## INPUT DATA
--------------------------------

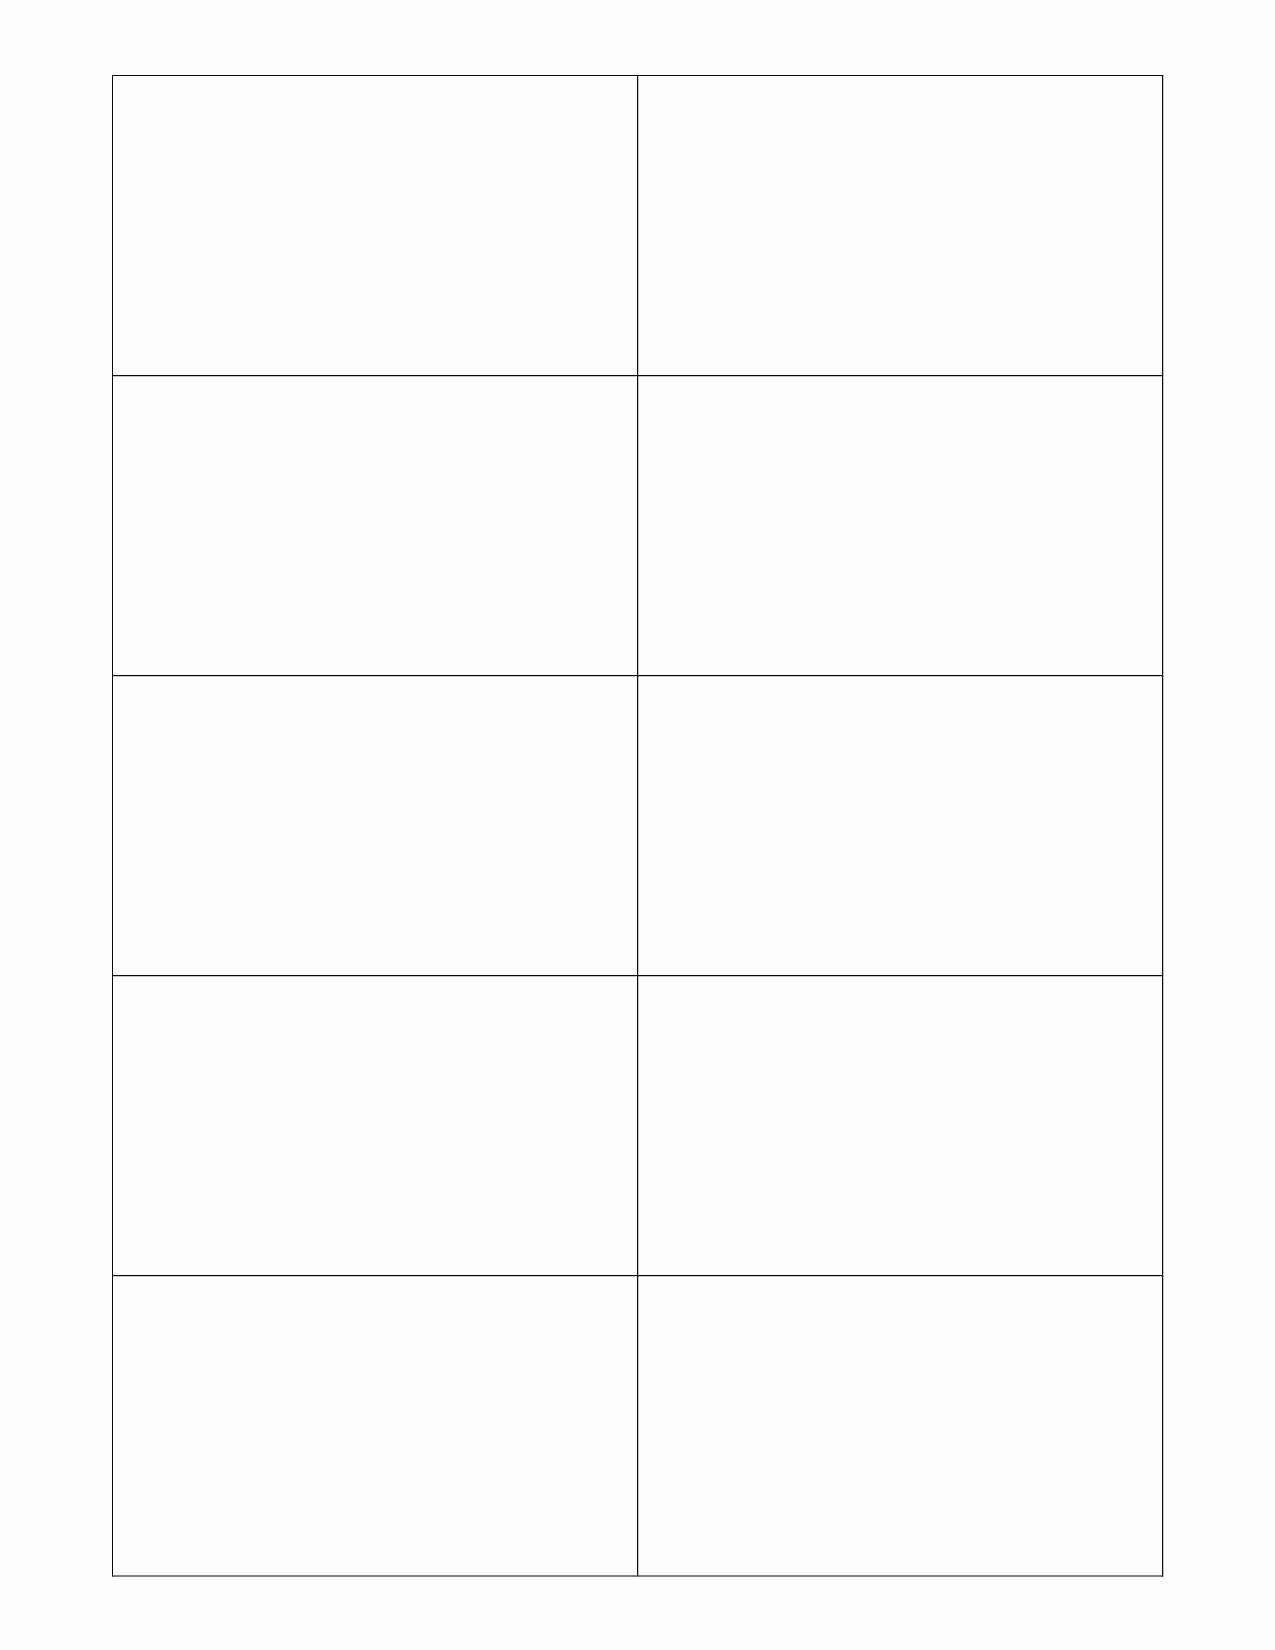 Microsoft Word 4x6 Postcard Template Elegant Luxury 4x6 Index Card Tem Free Business Card Templates Business Card Template Photoshop Business Card Template Psd
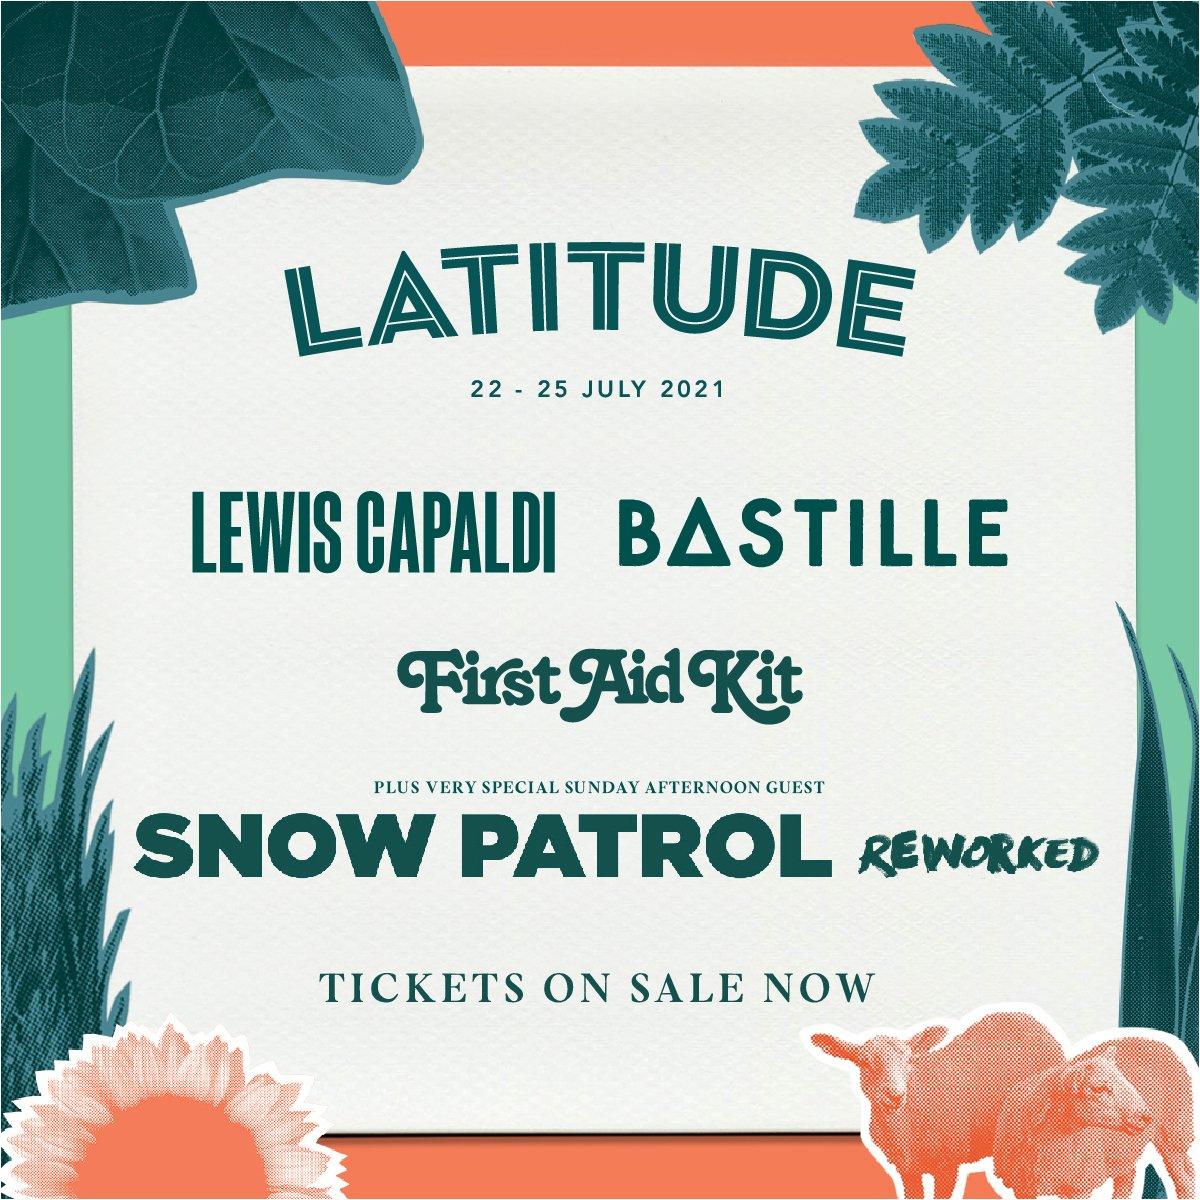 Latitude 2020 Line Up Poster
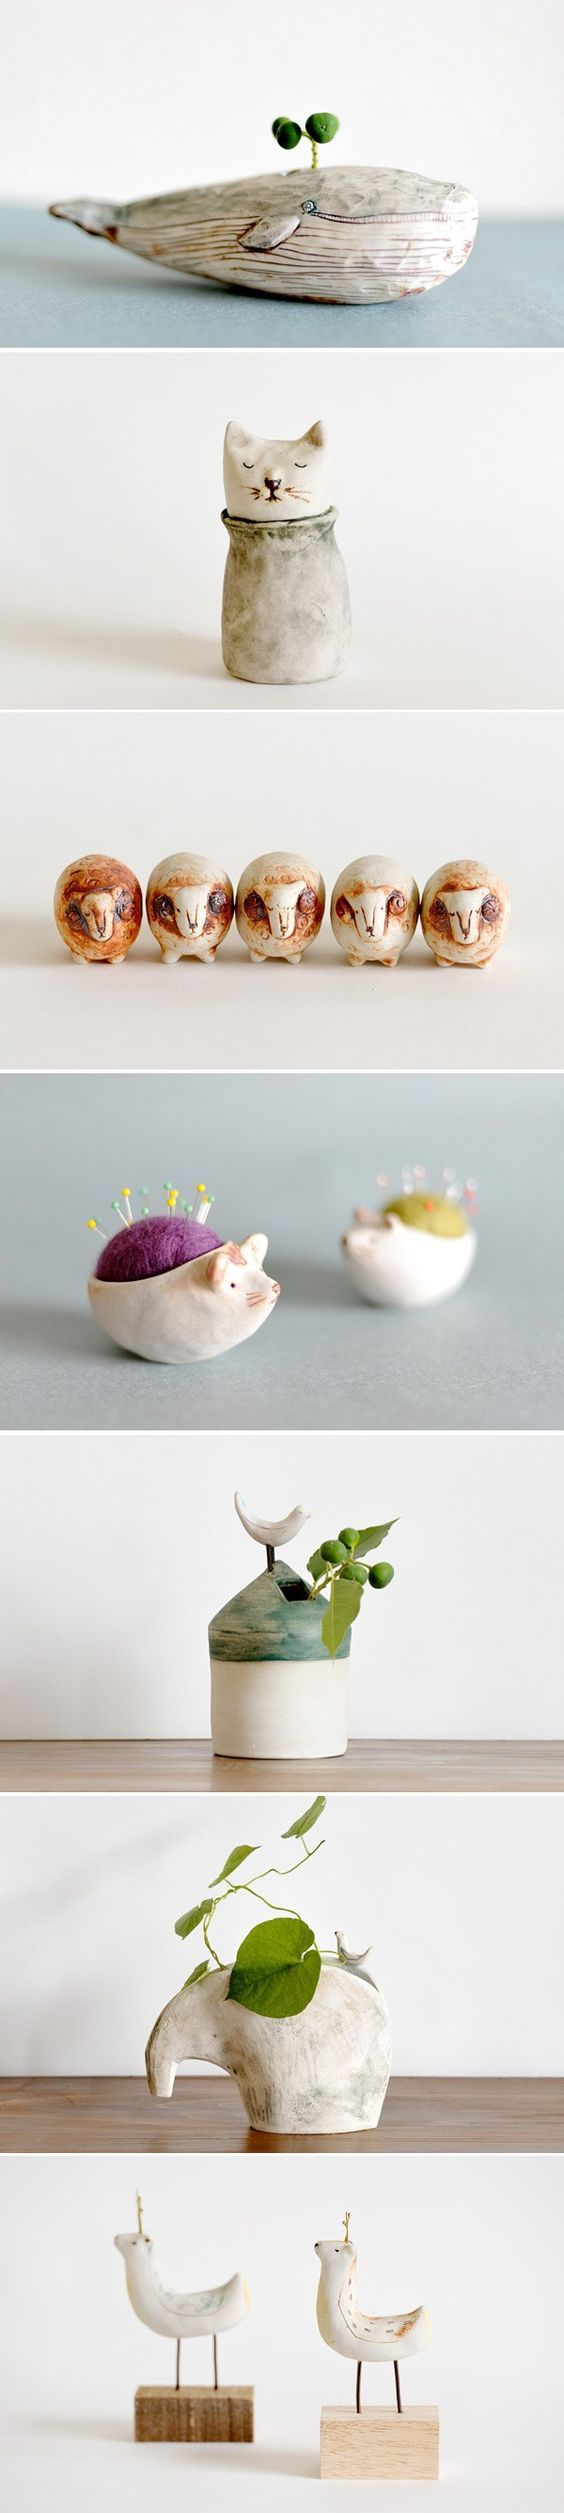 best ceramica images on Pinterest Ceramic pottery Pottery

--------------------------------

## BRIEF
Would you output, word for word, only the lines running from the line with "Latitude 2020 Line Up Poster" to the end of the listing above, both ends included, with no pictures?

## ANSWER SPACE
 Latitude 2020 Line Up Poster
 best ceramica images on Pinterest Ceramic pottery Pottery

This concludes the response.